Neue Lockerheit

KONZERT Die Goldenen Zitronen verwandeln den Festsaal Kreuzberg schnell in eine pogende Garküche speedfressender Hühner – „Yeah!“

„Welcher Tanz ist der Distanz?“, fragt Sancho Pansa Don Quijote de la Mancha. Fans der Goldenen Zitronen stellen sich diese Frage nicht. Sie haben schon automatisch eine Distanz zur Hamburger Band eingebaut, die sie Musik und Texte erst in zweiter Ordnung genießen lässt. Popmusik kann lästig sein!
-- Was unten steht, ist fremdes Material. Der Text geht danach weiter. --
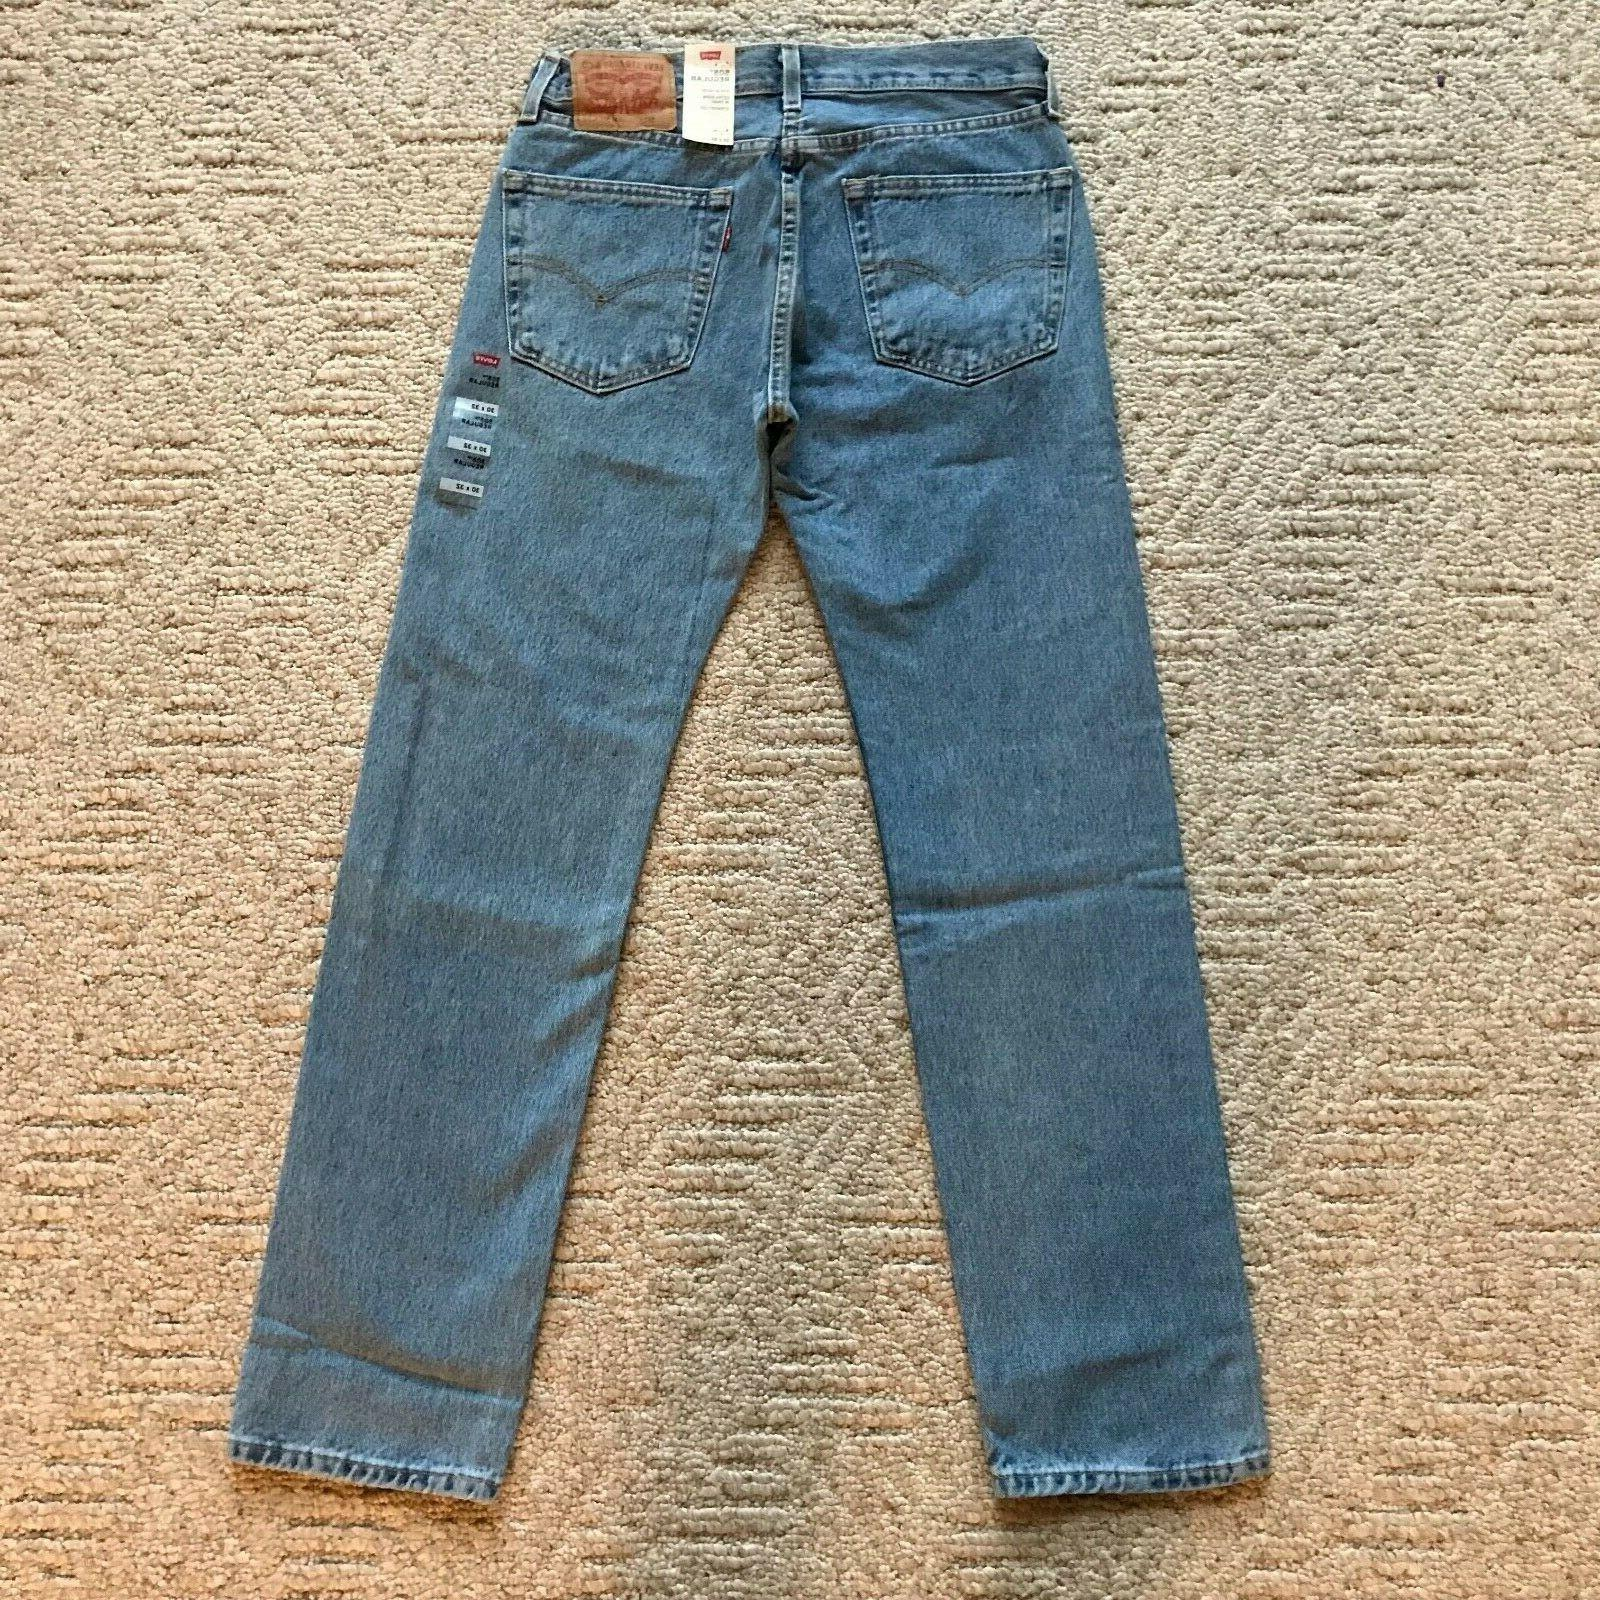 NWT Levi's Men's Classic Regular Leg Denim Jeans All

Und wenn dann tatsächlich irgendwelche Unverbesserlichen nach dem Funpunk-Debütalbum „Porsche, Genscher, Hallo HSV“ schreien, hat das fast schon wieder Stil. Die Band tut ein Übriges, um das Lästige betonen. Ihre Bühnenshow ist stets durchschaubar, stellt das Gemachtsein ihrer Musik routiniert zur Schau, und trotzdem ist ein Restgehalt unbestimmbarer Rock ’n’ Roll im Zitronen-Blut, etwa wenn sie das Publikum in Wortgefechte verwickeln und scheinheilig fragen, ob jemand Unbehagen verspürt.
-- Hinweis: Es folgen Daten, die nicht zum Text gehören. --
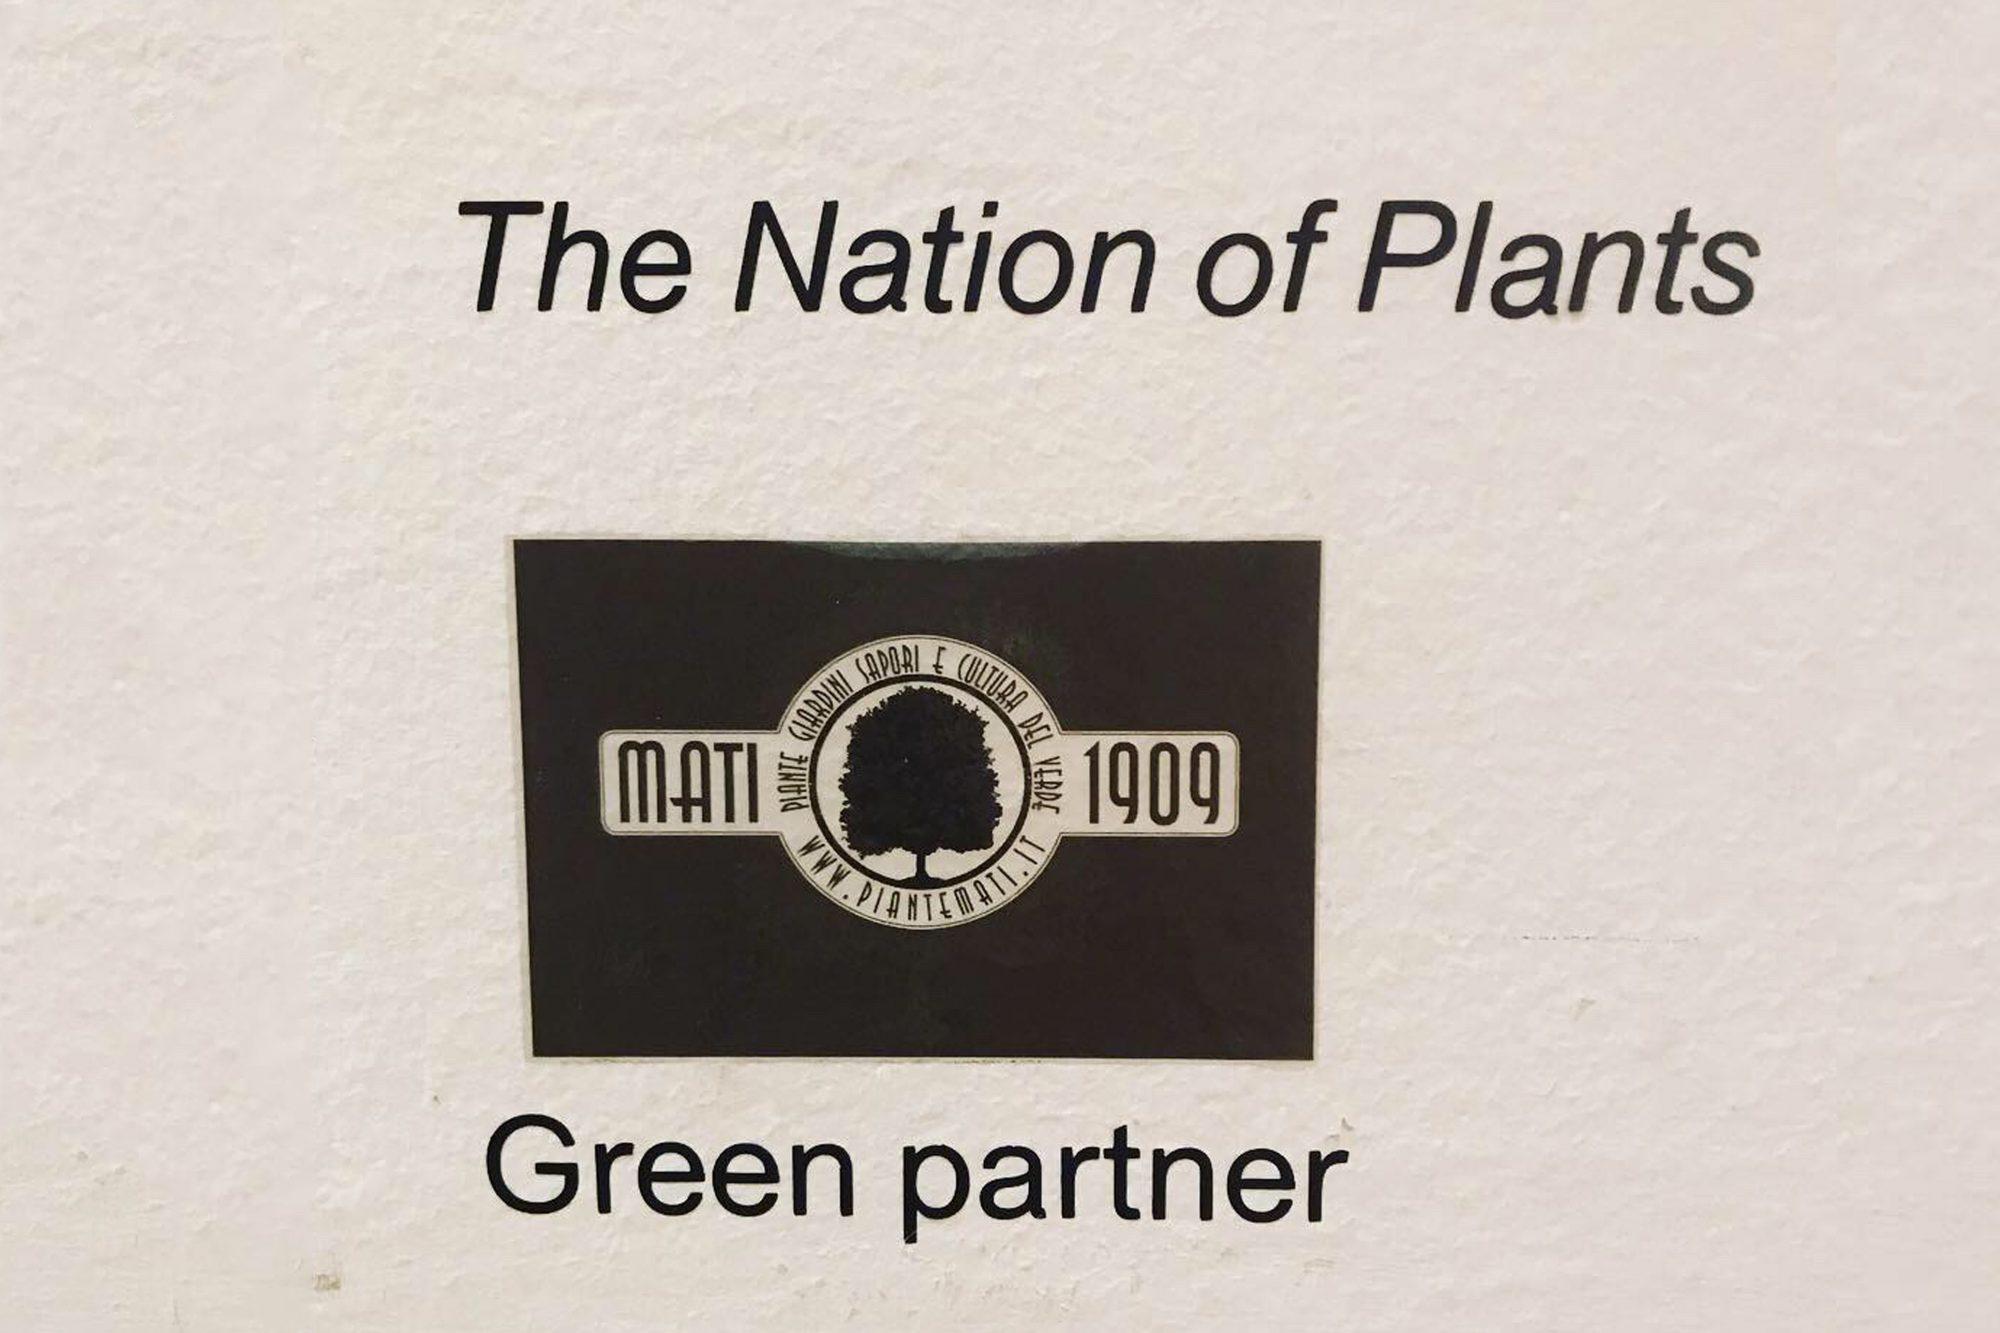 MATI-1909-green-partner

Im Herbst war ein neues Zitronen-Album erschienen, „Die Entstehung der Nacht“, mit Songs, die sich etwa auf die Finanzkrise und den Unfalltod von Jörg Haider beziehen und dabei freifließende Genres wie Krautrock oder Elektro streifen. In ihrer altersmilden Variante, als erweiterte sechsköpfige Besetzung, klingen die neuen Songs auch als Live-Fassung äußerst tight. Über die Jahre haben sich die Zitronen von den Punkkonventionen freigestrampelt, und mit dieser neuen Freiheit kommt eine Lockerheit zum Vorschein, die gar nicht mehr möglich schien.
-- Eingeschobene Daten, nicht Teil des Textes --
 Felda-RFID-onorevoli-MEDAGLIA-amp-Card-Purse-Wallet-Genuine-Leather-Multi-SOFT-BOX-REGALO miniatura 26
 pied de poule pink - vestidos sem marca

An diesem arschkalten Dezemberabend verwandeln sie den Festsaal schnell in eine pogende Garküche. Passend bewegt sich Sänger Schorsch Kamerun als magentafarbiger Harlekin gekleidet auf der Bühne: ein speedfressendes Huhn ist nichts dagegen. Mit Vorliebe besonders abgeschmackte Parolen, wie „Yeah!“ oder „The Beatles from Liverpool and the Goldies from Hamburg“ grienend, moderiert er die Songs an und erinnert an den großen Deklamierer Mark E. Smith. Hier gab Kameruns Arbeit am Theater sicher Hilfestellung. Die Songtexte sind verständlich, prononciert, auf Pointen gewichtet. „Und ein Weinen immerfort / Goldhaubenfrauen, Schützengardisten, Brauchtumsgruppen, Kavalleristen, der Bischof und die Burschenschaftler“, heißt es in dem an sich unsingbaren Text „Des Landeshauptmanns letzter Weg“. Die alten Feinde mögen den Zitronen abhanden gekommen sein, aber dennoch lässt sich antipoetisch über sie triftige Musik machen. Auch andere Gedankensplitter zerfließen im Festsaal zu Butter: „Ich bin Papi, das dümmste Krokodil“ oder „Mit 17 in der Lehre / mit 37 in Therapie“. Die Zitronen kennen sich in ihren Textwelten und Musiklandschaften sehr gut aus. Und diese Kenntnis überträgt sich aufs Publikum.